Título: 'Não bate nele mais, ele é sangue bom'
Autor: Luciana Garbin e Marcelo Godoy
Fonte: O Estado de São Paulo, 19/08/2005, Metrópole, p. C4

Um coturno e a frase "Não bate nele mais, não, que ele é sangue bom" são as lembranças mais fortes que W., de 50 anos, tem da noite de 19 de agosto de 2004. Sobrevivente do massacre, W. dormia na Praça da Sé quando foi atacado. Diz que estava sob efeito de álcool e drogas e passou cinco dias internado. Ao sair, sem documentos e com a cabeça enfaixada, puseram-no num ônibus e deram R$ 5,00. "Fui à Sé ver o que aconteceu. Quando cheguei, só falavam da matança, de quem tinha morrido, quem escapou." W. queria pagar um café ao bombeiro que o socorreu. Mas gastou o dinheiro em pinga. Desesperado, entrou na catedral. "Estava rezando e chorando quando um padre bateu no meu ombro e me deu um terço. Na saída, uma moça perguntou se eu queria ir para a casa da comunidade." W. foi e continua na comunidade religiosa. Por segurança, o nome do local, no interior, não pode ser divulgado. "Deus me abriu uma porta."

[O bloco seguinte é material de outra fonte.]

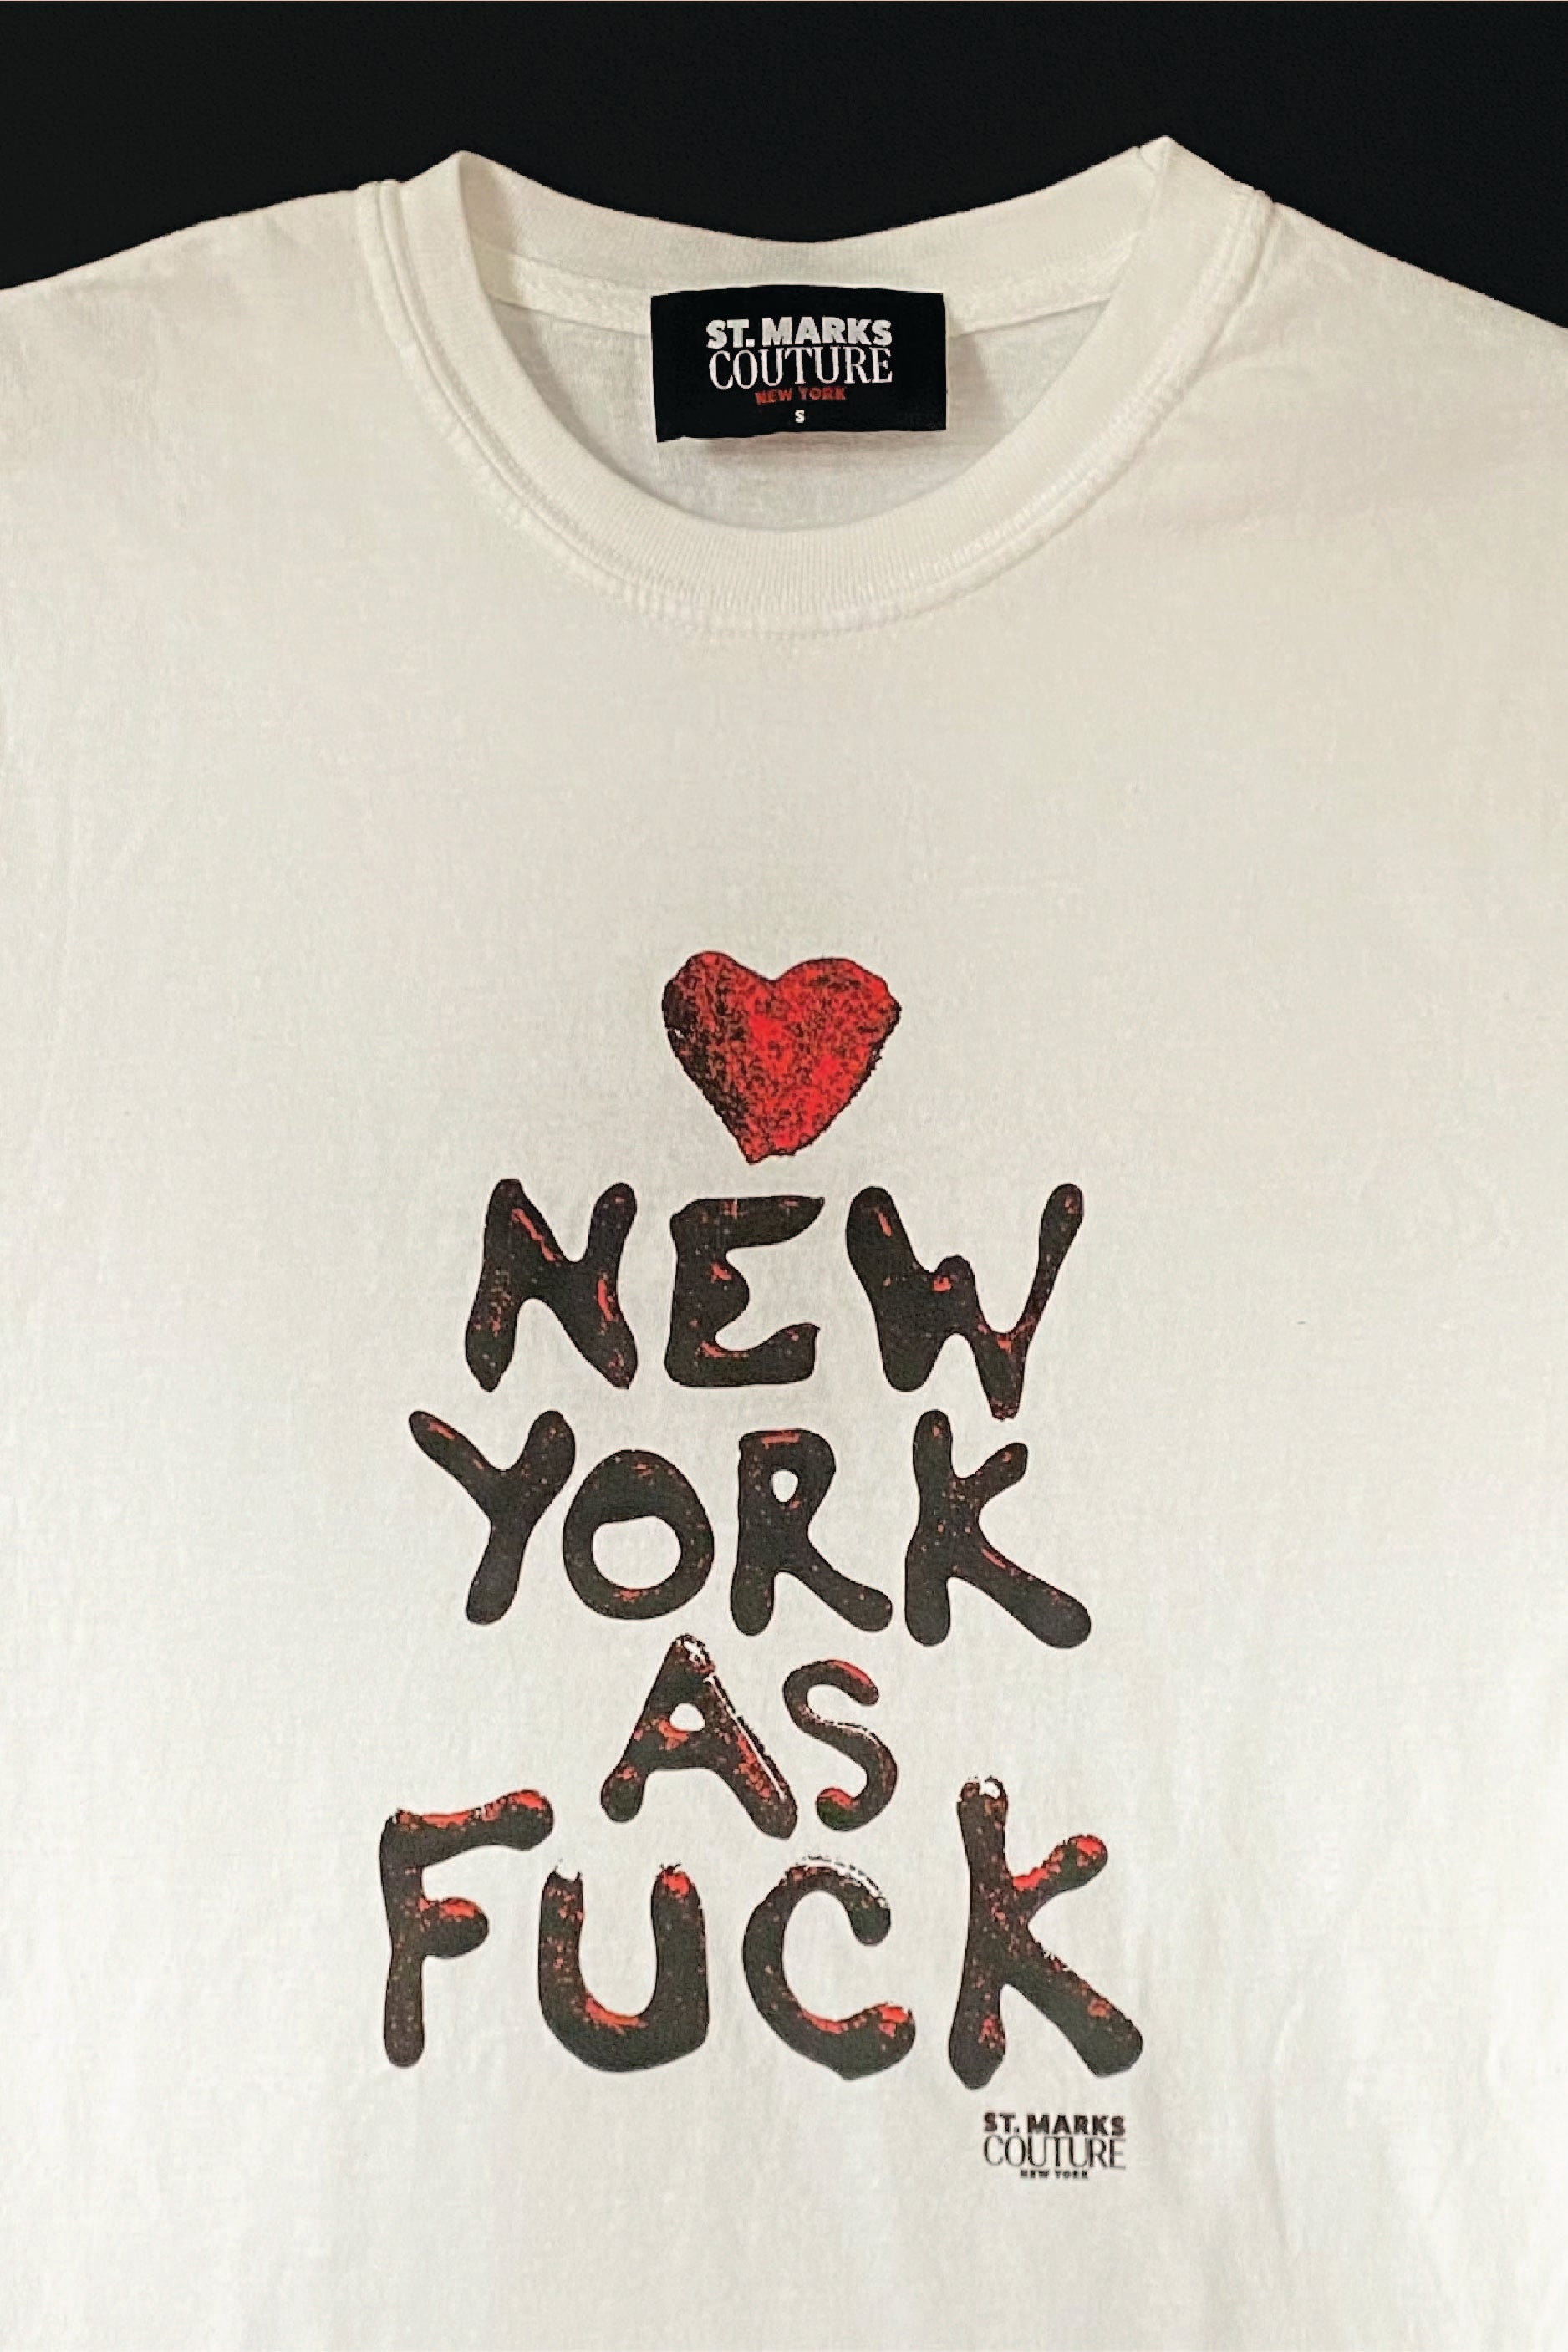 THE NEW YORK AS FUCK TEE
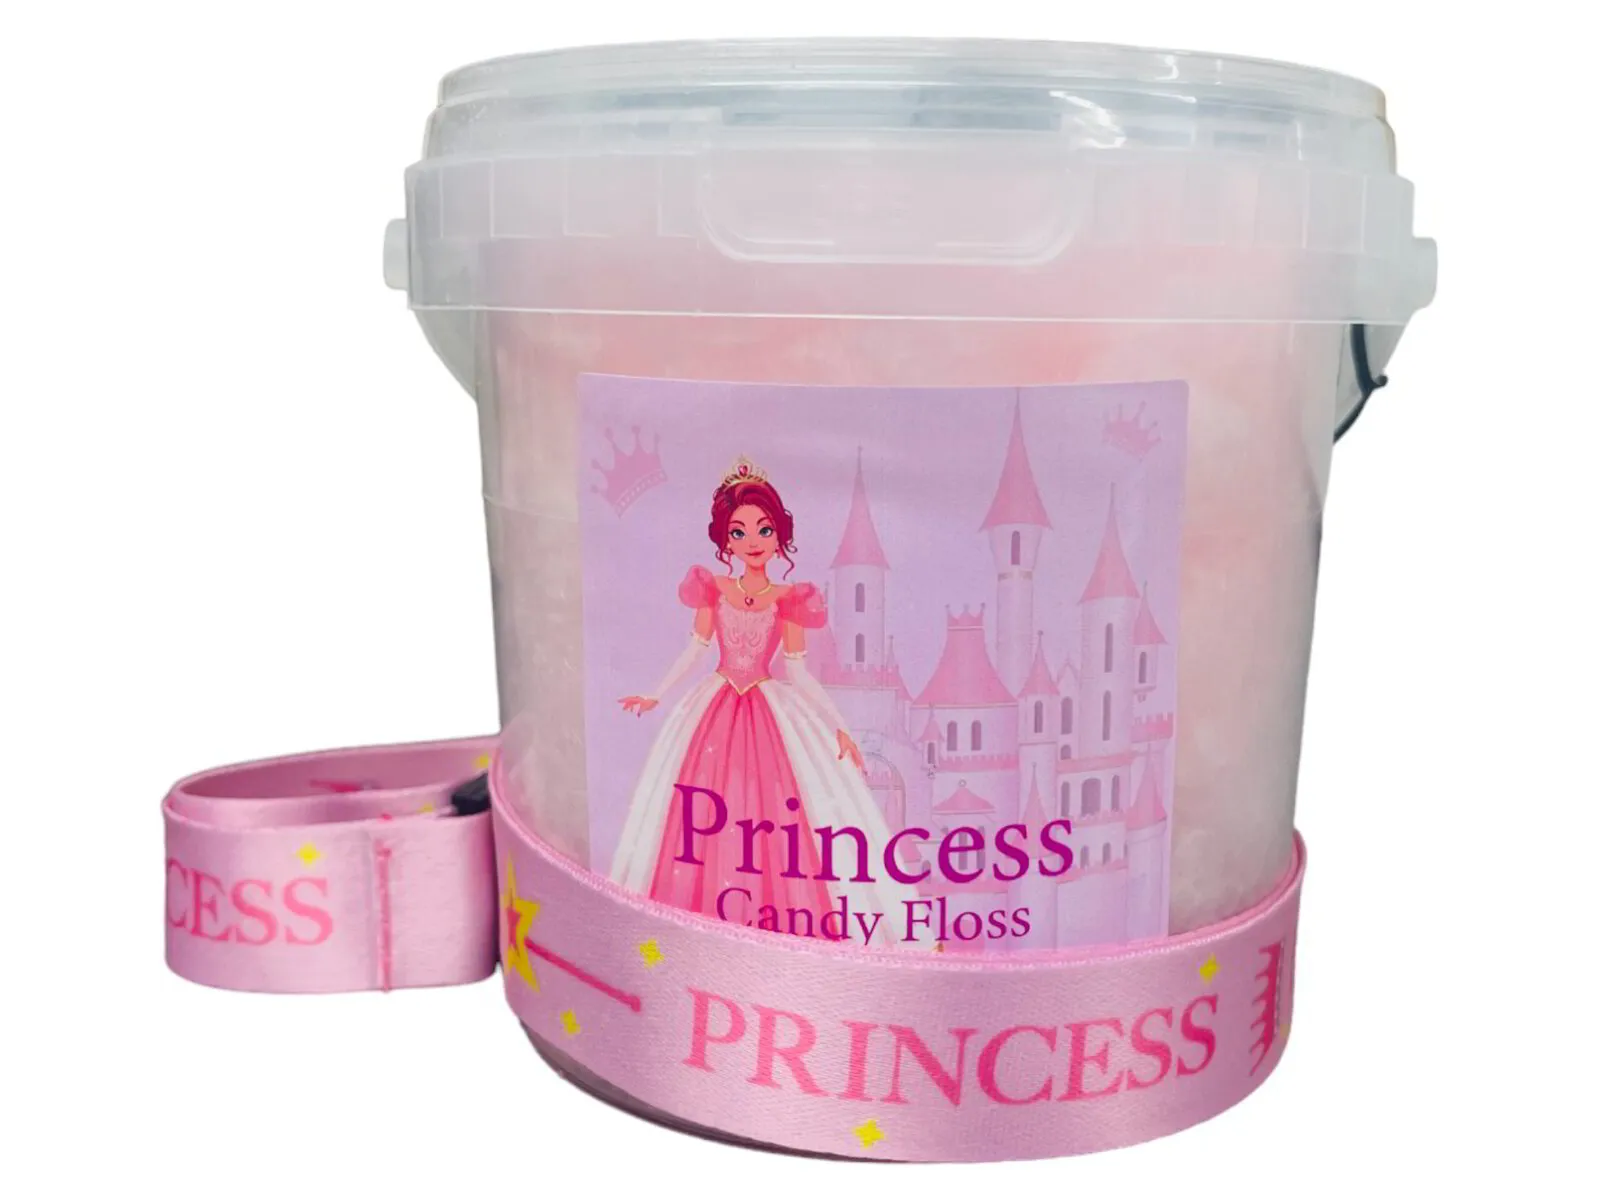 12x Princess Candy Floss Tubs with Lanyard

J., de 55, outro sobrevivente, tem grandes dificuldades para se expressar e coordenar pensamentos. Diz não se lembrar de nada, apenas que acordou com pancadas na cabeça, no joelho e no tornozelo. Ele passa as noites num albergue e durante o dia caminha pela cidade.

Pessoas que trabalham com os sem-teto reclamam que não houve ampliação de vagas em albergues e a bolsa-aluguel foi praticamente desativada. O secretário de Assistência e Desenvolvimento Social, Floriano Pesaro, contesta. Diz que a Prefeitura atua em várias frentes. As principais: identificação das necessidades de quem usa a rede de atendimento, criação de residências terapêuticas e descentralização dos serviços de assistência.